Problem statement ->
Print the whole listing below exactly as given, pictures excluded.

Input data ->
* * * * *

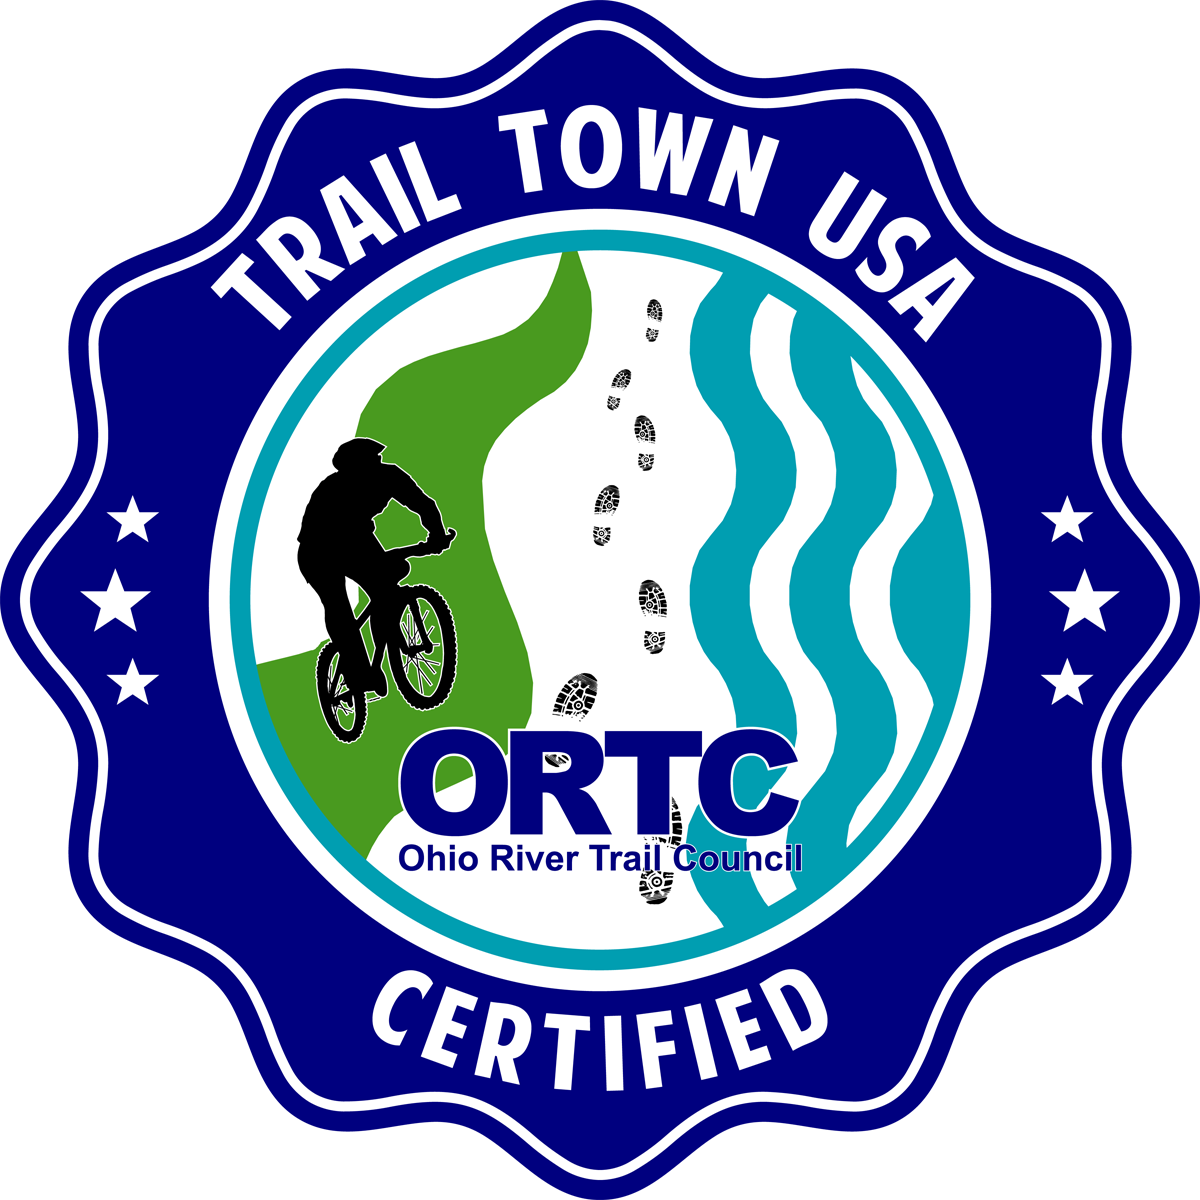 Trail Town USA Certification
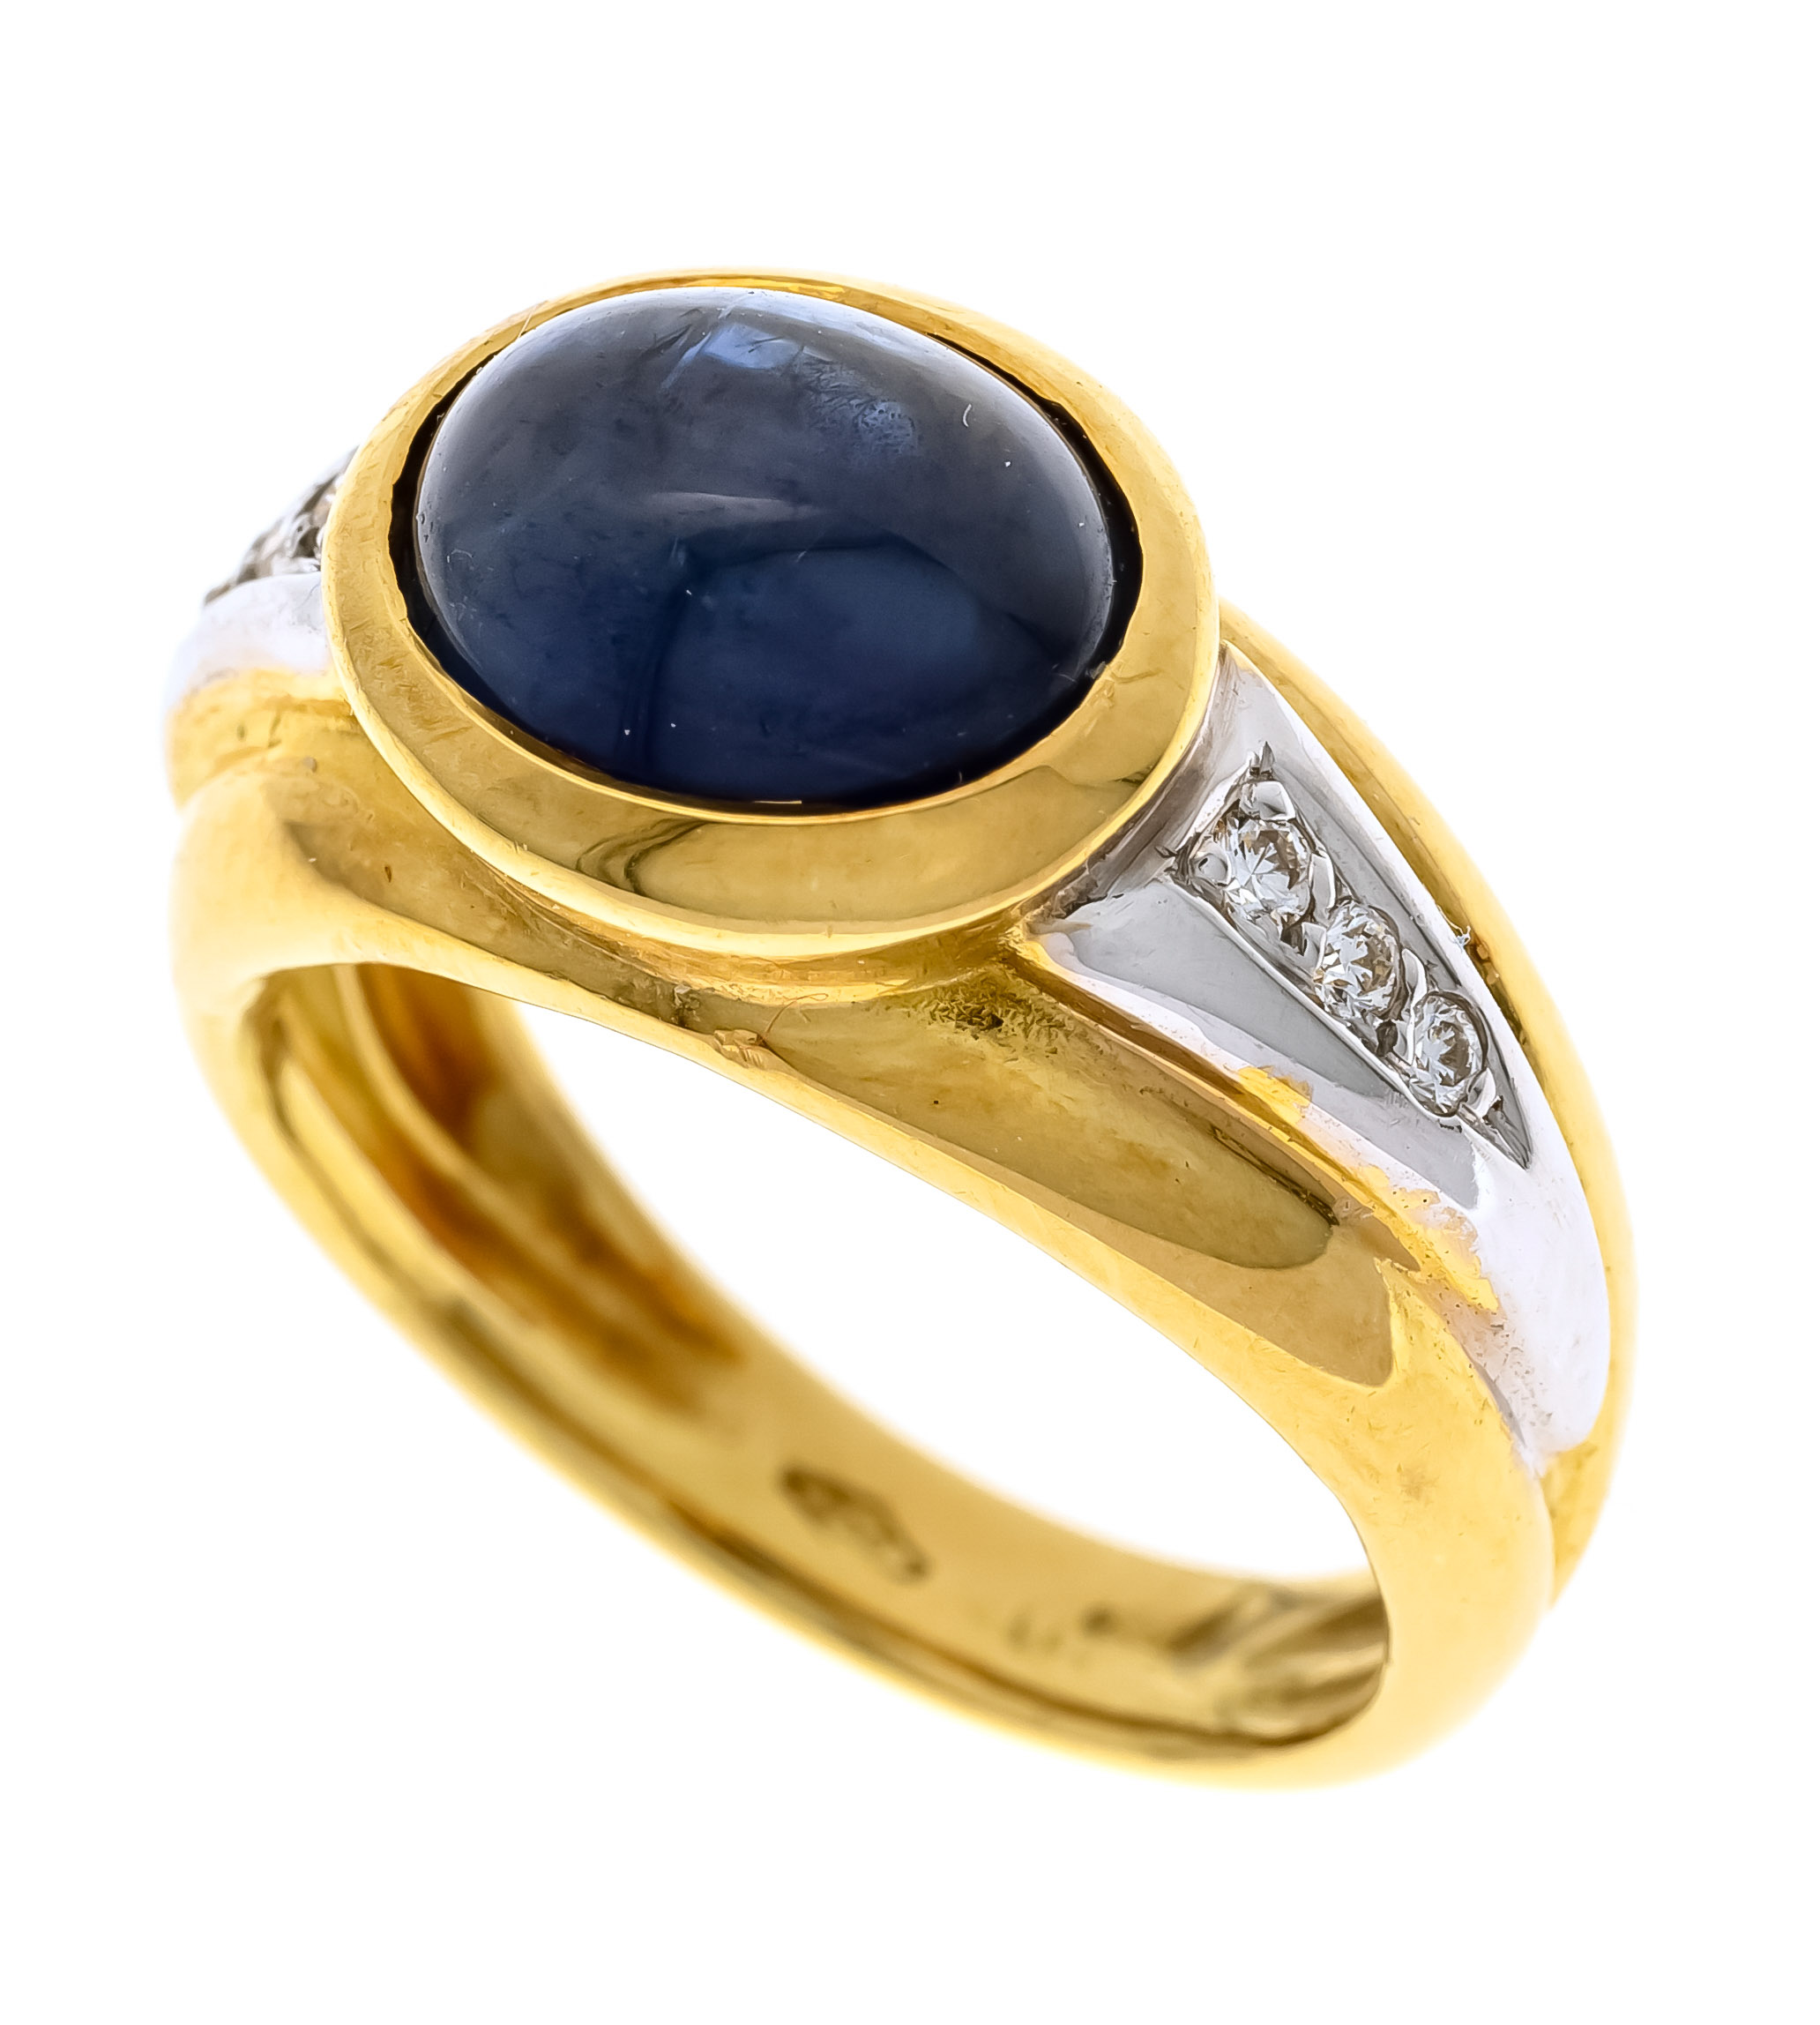 Sapphire-cut diamond ring GG/WG 750/000 with an oval sapphire cabochon 4.10 ct darker blue,
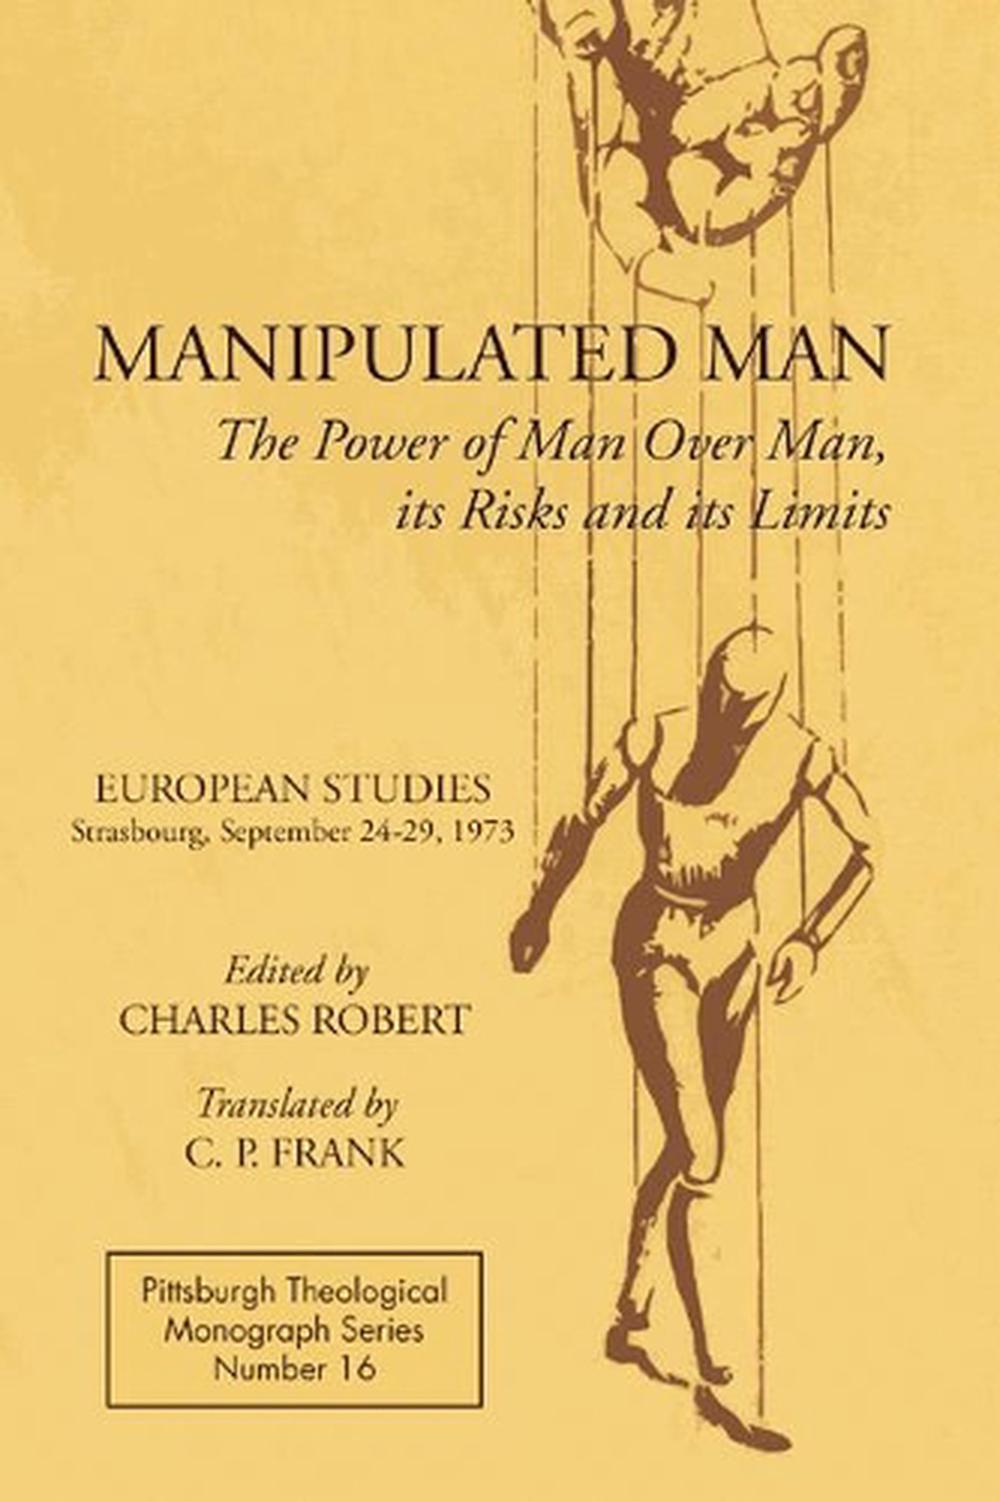 book the manipulated man

* * * * *

Completed task ->
 Trail Town USA Certification
 Sapphire-cut diamond ring GG/WG 750/000 with an oval sapphire cabochon 4.10 ct darker blue,
 book the manipulated man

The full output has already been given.